The model S 60 and 85 had different numbers of modules, but they also used different motors (and were operating at different voltages).
 
To give you an idea of how little the average investor knows about literally anything, I had a coworker ask me if Nikola is a good investment today.

Today.

I didn’t know how to answer them. I mean, if you even glance at the front page of CNBC once a day, you ought to know about the fraud allegations and the CEO being forced to resign? I really wonder sometimes about the stonk market.
 
One Trevor nugget for you:

"The entire infotainment system is a HTML 5 super computer," Milton said. "That's the standard language for computer programmers around the world, so using it let's us build our own chips. And HTML 5 is very secure. Every component is linked on the data network, all speaking the same language. It's not a bunch of separate systems that somehow still manage to communicate."

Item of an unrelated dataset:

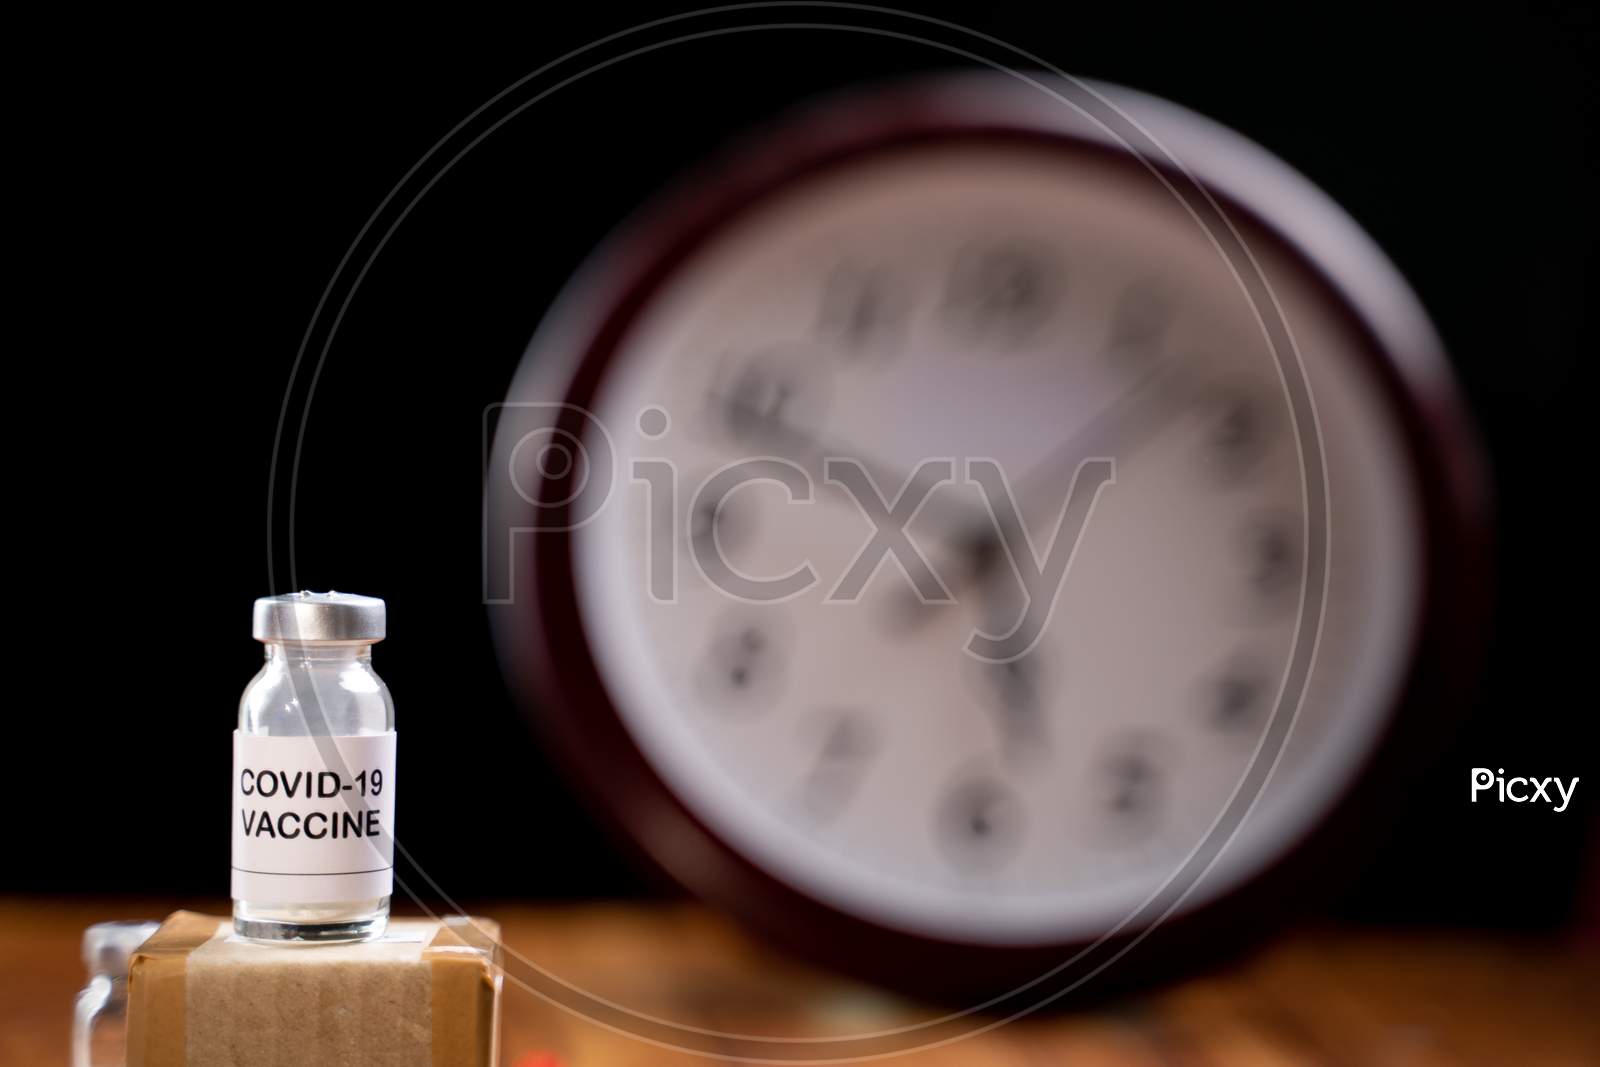 Covid-19 Coronavirus Vaccination Bottle With Clock Behind, Concept Of Covid-19 Vaccine Immunity Duration And Second Dose Time Frame.

What’s Behind the Grille of the New Nikola Hydrogen-Electric Truck
 
If someone would take 9 model 3/Y packs and bolt all high voltage negative terminals together and then do the same to the positive ones, would you still call it "proven parallelism" or "quality pack"?

Bad example. Given that each pack has contactors, a pyro fuse, and every cell is individually fused, that would be pretty safe.

If you are talking paralleling unswitched, unfused, unprotected, high fault current modules that are meant to have external protection, that is a bad idea.